### TASK GOAL
The listing below should be reproduced precisely, except for its images.

### SUPPLIED MATERIAL
—————

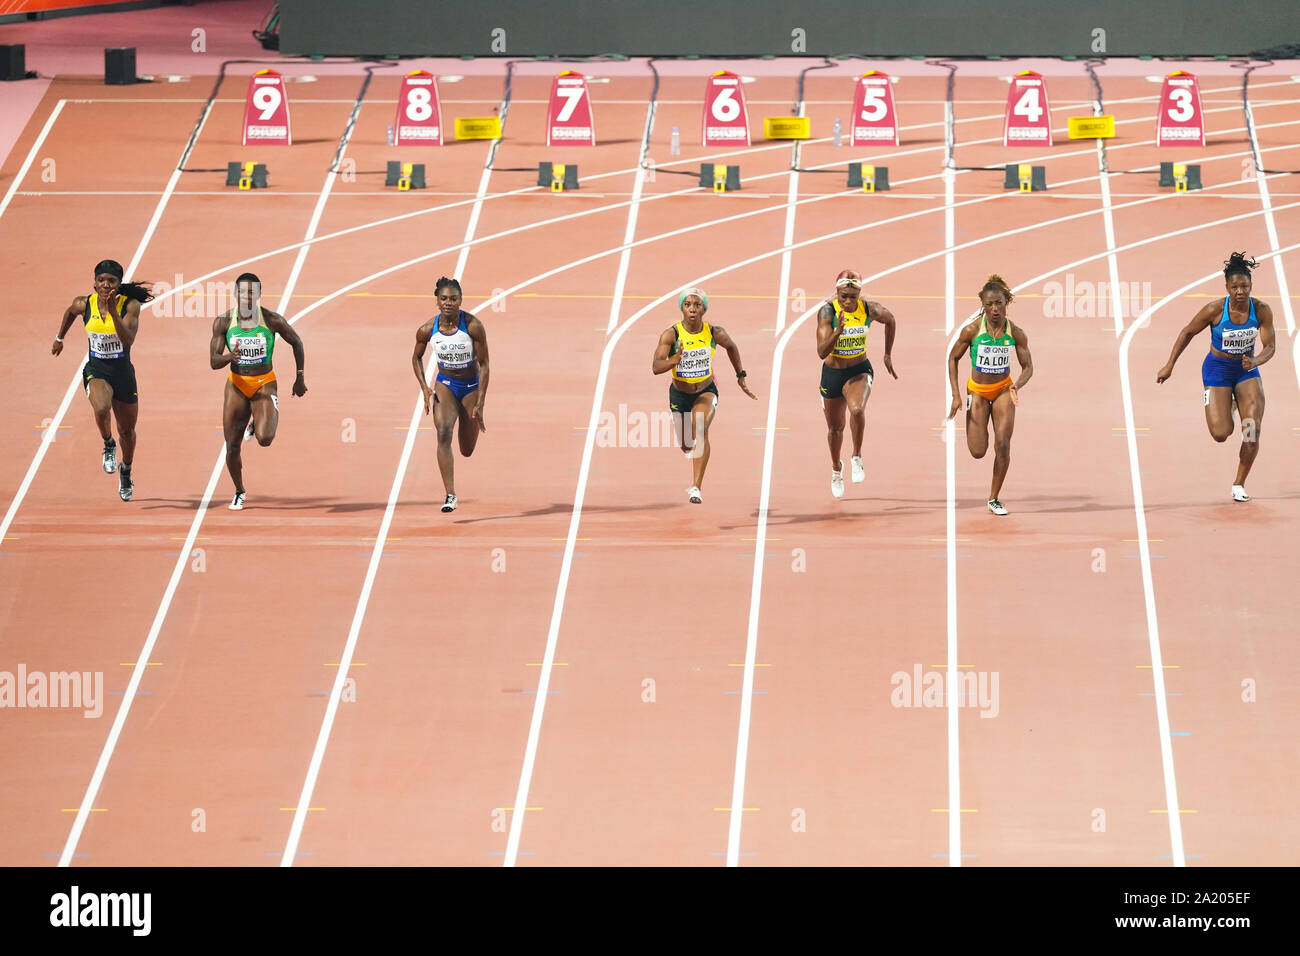 Doha, Qatar. 29th Sep, 2019. Athletes compete during the Women's 100 Meters Final at the 2019 IAAF World Championships in Doha, Qatar, Sept. 29, 2019. Credit: Wang Jingqiang/Xinhua/Alamy Live News Stock Photo
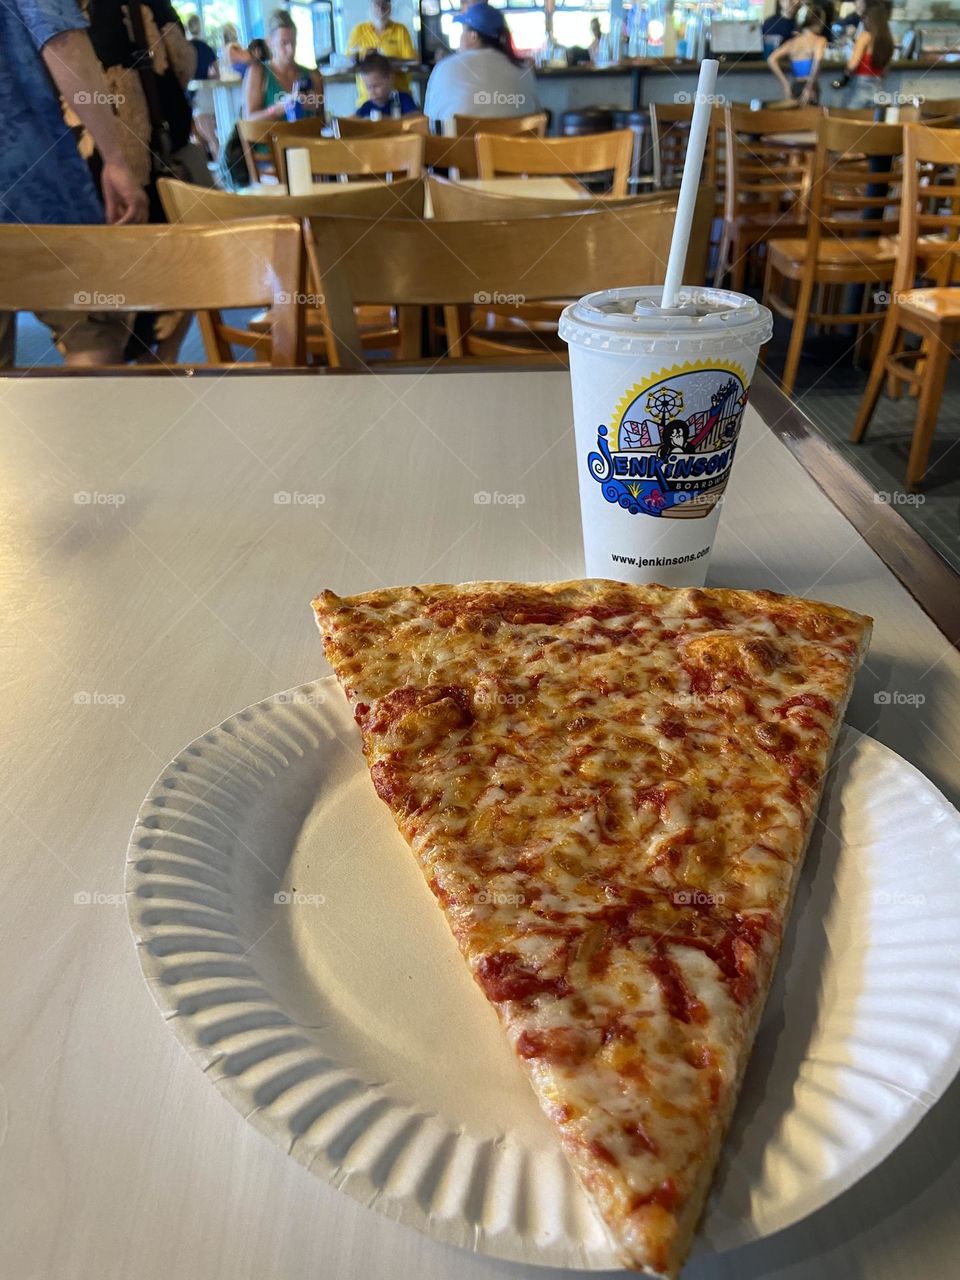 A pizza slice and soda from a restaurant counter at the boardwalk. What could be more authentic for Jersey Shore summer meal. Everything tastes better on the boardwalk. People in the background are enjoying seafood, sushi, and drinks at the bar. 
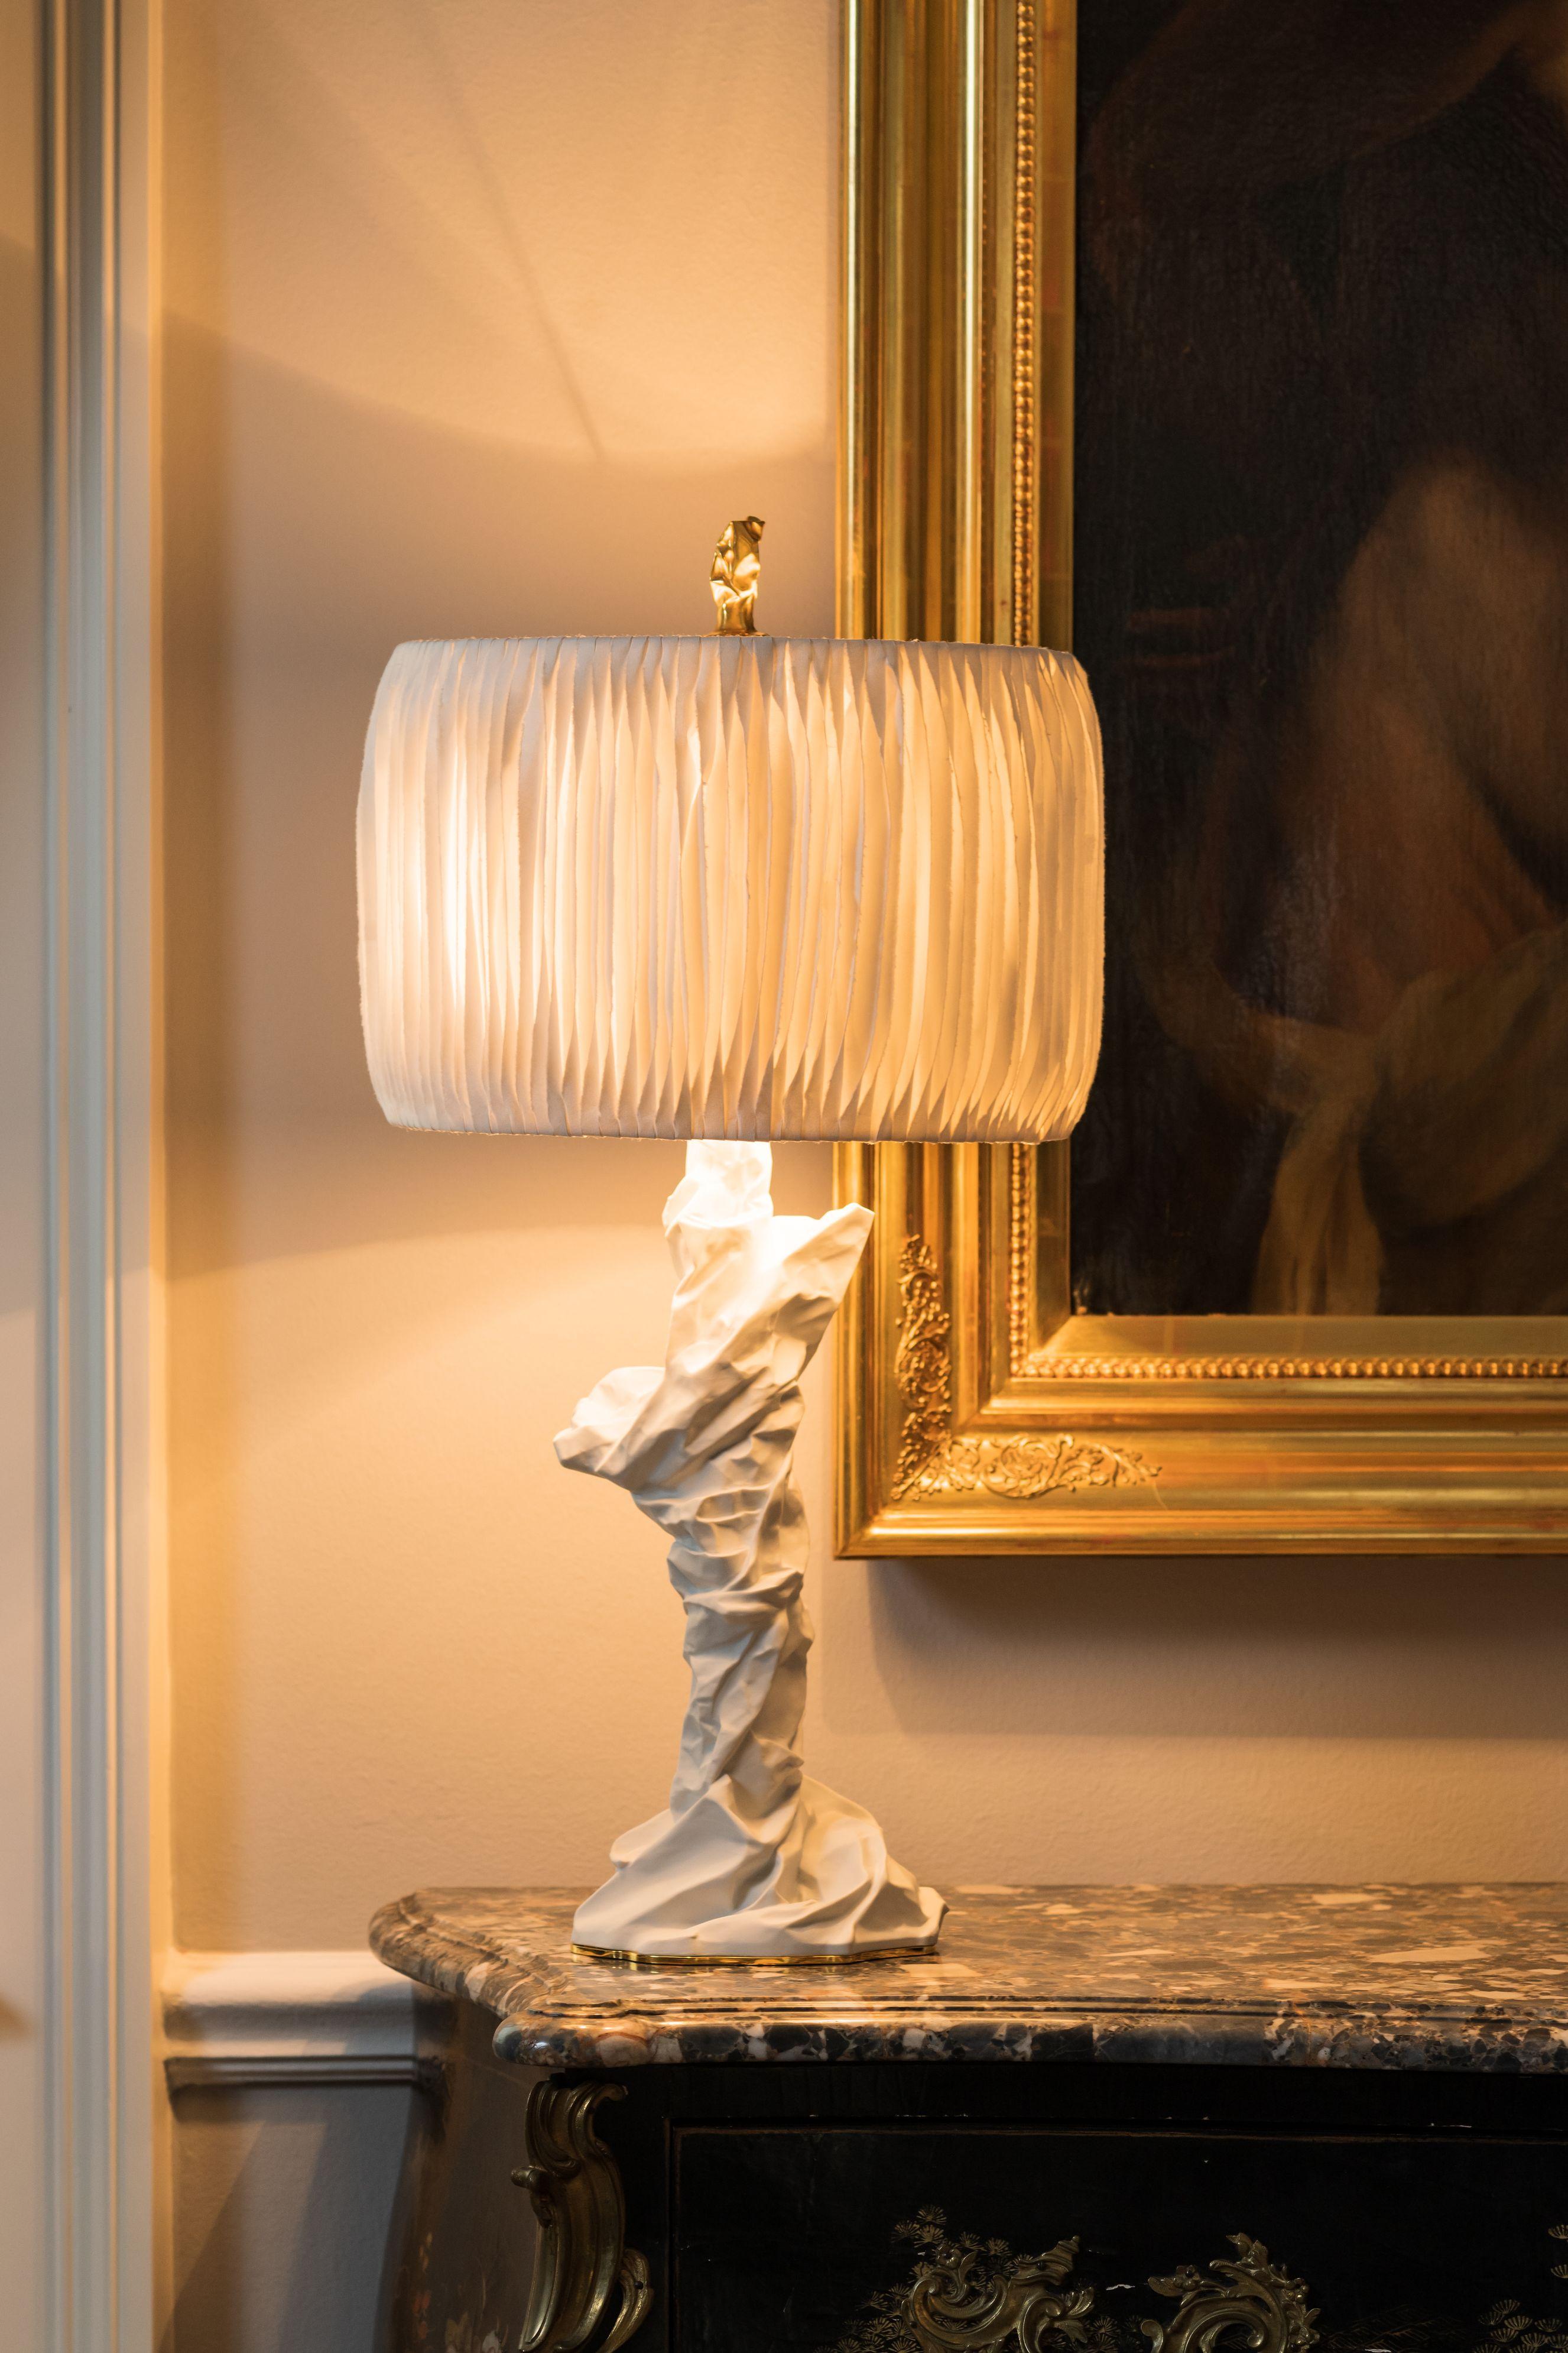 Charta Alba II table lamp by Studio Palatin.
Dimensions: H 75 x D 35 cm
Materials: biscuit porcelain, 24K gilded brass, Japanese hosho paper.

The artist’s inspiration for the Charta Alba Collection came from a series of sculptures formed from

—————

### RESULT OF THE TASK
 Doha, Qatar. 29th Sep, 2019. Athletes compete during the Women's 100 Meters Final at the 2019 IAAF World Championships in Doha, Qatar, Sept. 29, 2019. Credit: Wang Jingqiang/Xinhua/Alamy Live News Stock Photo
 A pizza slice and soda from a restaurant counter at the boardwalk. What could be more authentic for Jersey Shore summer meal. Everything tastes better on the boardwalk. People in the background are enjoying seafood, sushi, and drinks at the bar. 
 Charta Alba II table lamp by Studio Palatin.
Dimensions: H 75 x D 35 cm
Materials: biscuit porcelain, 24K gilded brass, Japanese hosho paper.

The artist’s inspiration for the Charta Alba Collection came from a series of sculptures formed from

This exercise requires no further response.